Shares of Lowe's, the second-largest home improvement chain, rose 2.1 percent in early trading on Monday. Market leader Home Depot
Lowe's said it still expected sales at stores open at least a year to rise about 2 percent for the fiscal year, which some analysts viewed as a good sign given persistently soft U.S. consumer sentiment.
JPMorgan analyst Christopher Horvers said Lowe's should be able to meet that same-store sales goal as consumers resume projects to maintain or repair their homes.
We await more discretionary larger-ticket projects that would further accelerate same-store sales growth, he said in a research note.
Horvers also applauded Lowe's for clearing inventory in the quarter, helping gross margin to rise slightly.
Net income rose to $832 million, or 58 cents a share, in the second quarter ended on July 30 from $759 million, or 51 cents a share, a year earlier.
Analysts on average were expecting 59 cents a share, according to Thomson Reuters I/B/E/S.
We expect the 'not so bad' second-quarter results that Lowe's reported today to alleviate growing market concerns of a significant deterioration in trends at the chain over the past few months, Oppenheimer analyst Brian Nagel said.
Lowe's forecast current-quarter profit of 28 cents to 32 cents a share, while analysts were expecting 31 cents.

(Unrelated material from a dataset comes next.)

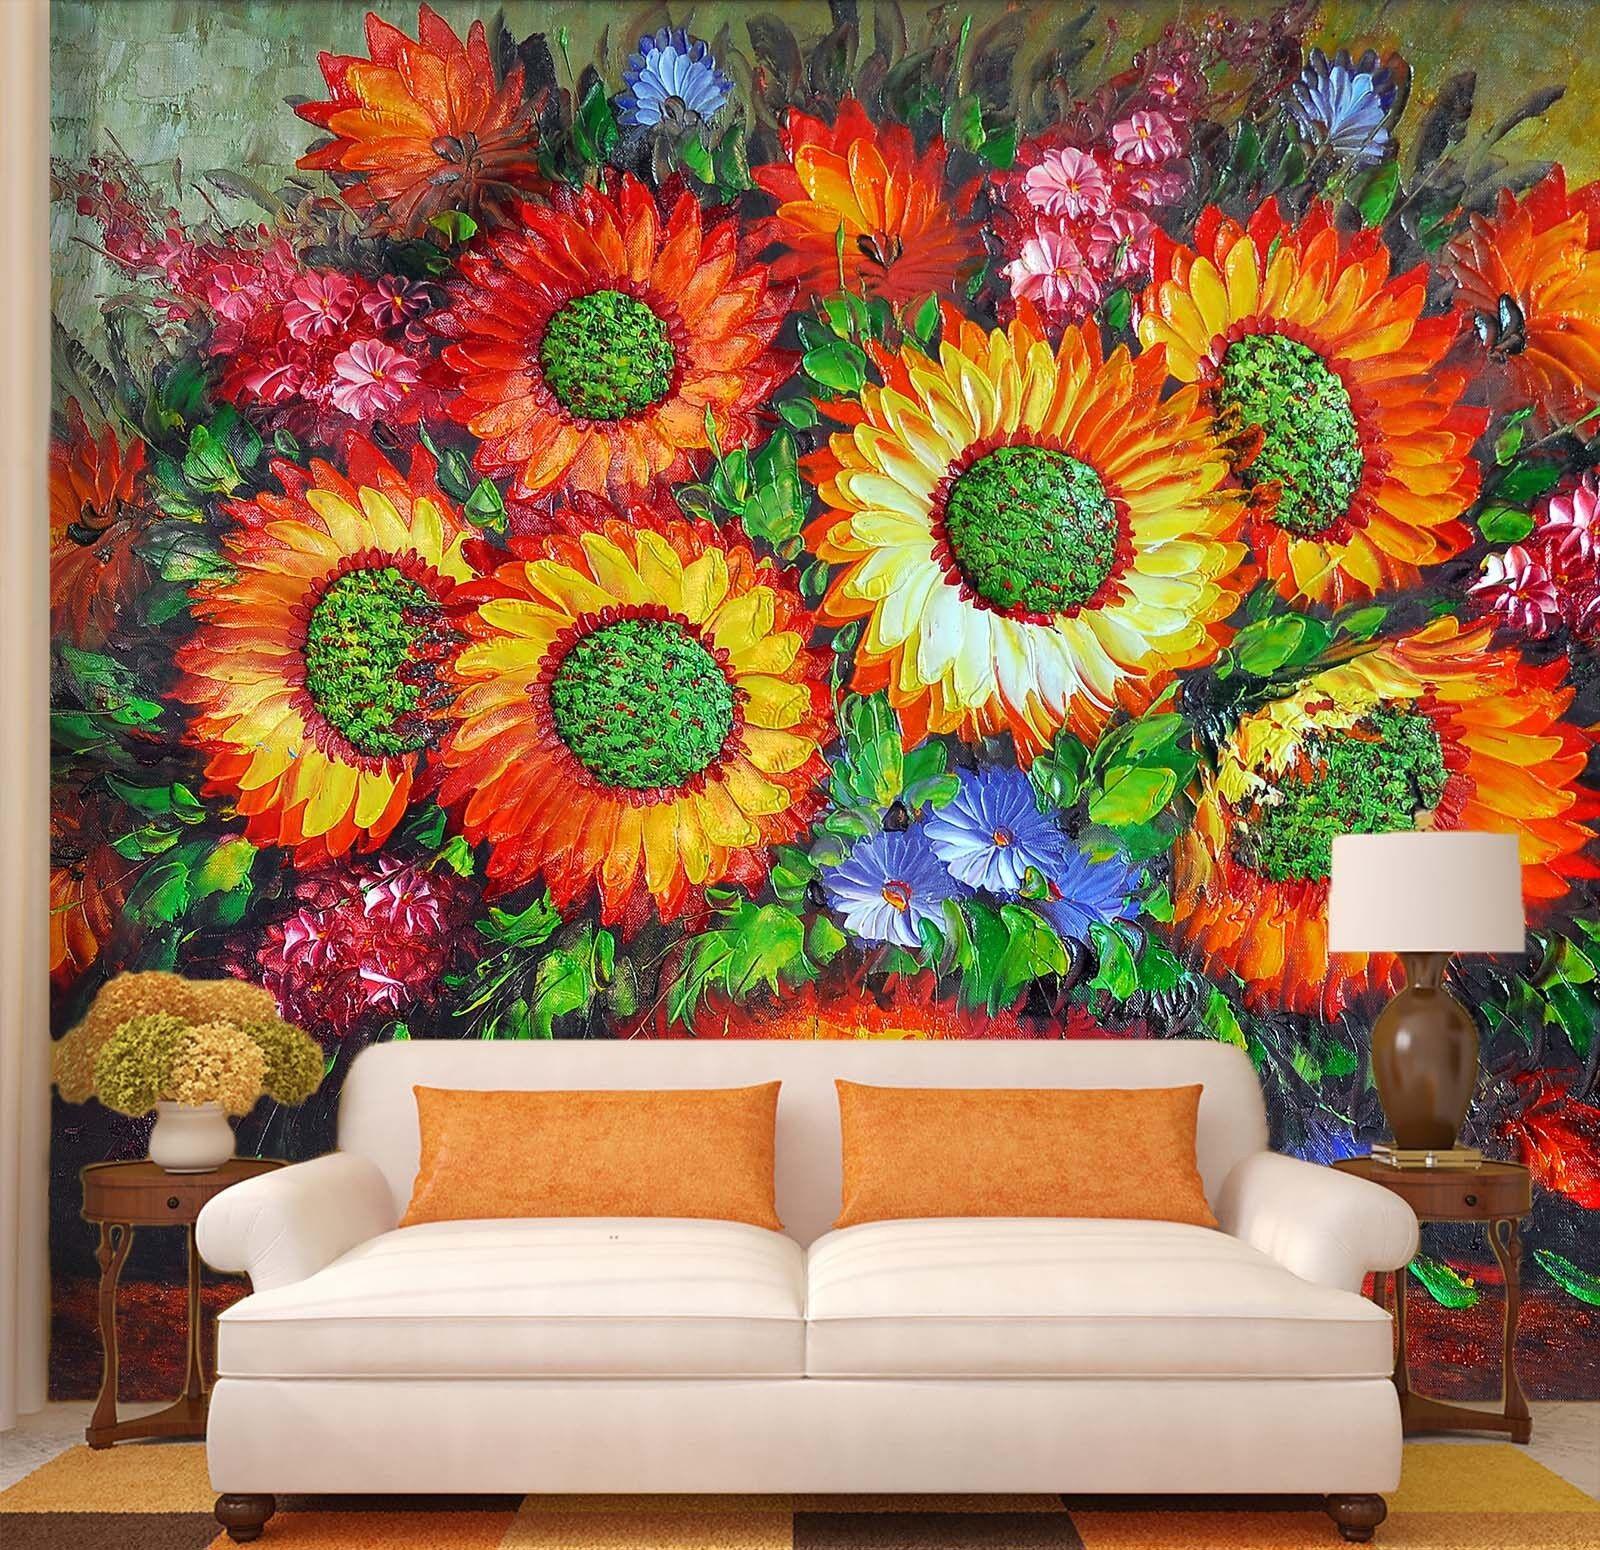 Papel Pintado Mural De Vellón Girasol Pintura Al Óleo 23 Paisaje Fondo Pansize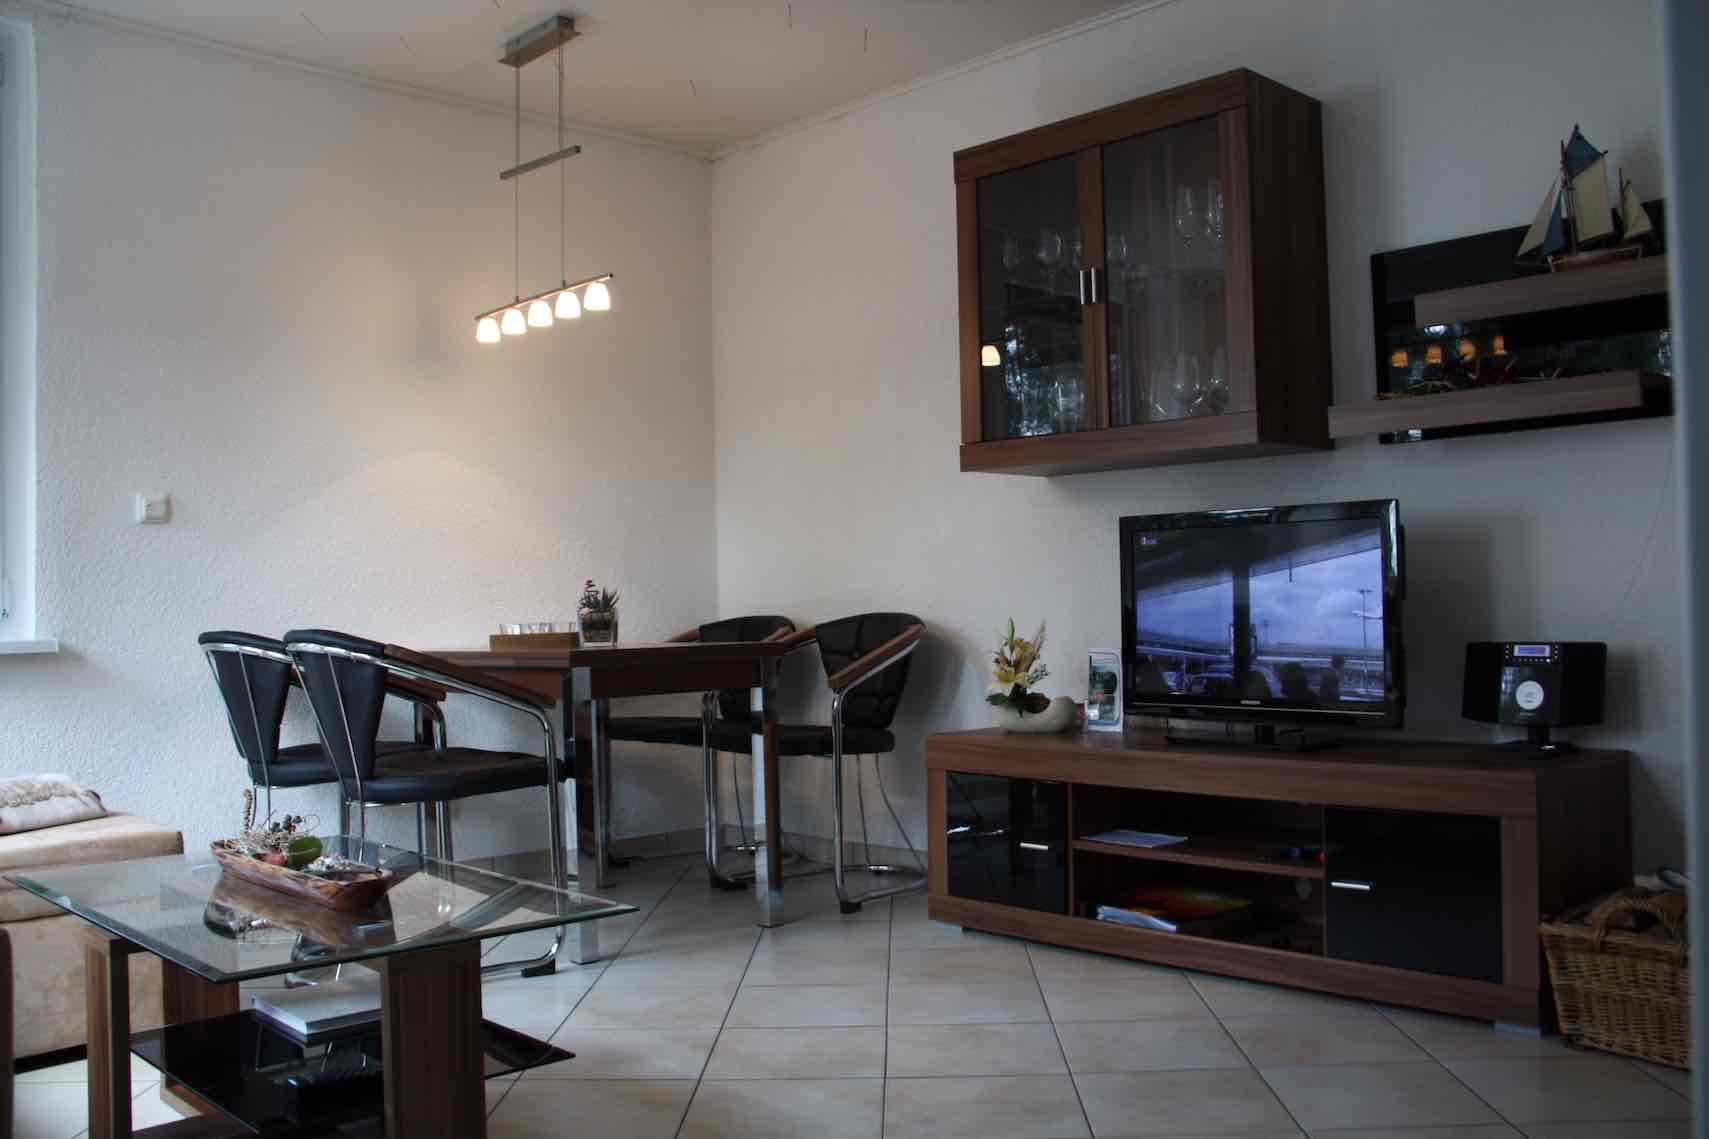 bilder von innen seebungalow. Black Bedroom Furniture Sets. Home Design Ideas

The company said it expected a sales increase of 3 percent to 5 percent for the period.
Sales at Lowe's lost some momentum during the second quarter due to the expiration of a U.S. homebuyer tax credit and cash for appliances programs. Both had helped results significantly in the first quarter.
Sales rose 3.8 percent to $14.36 billion, but missed Wall Street's average estimate of $14.52 billion. Sales at stores open at least a year rose 1.6 percent.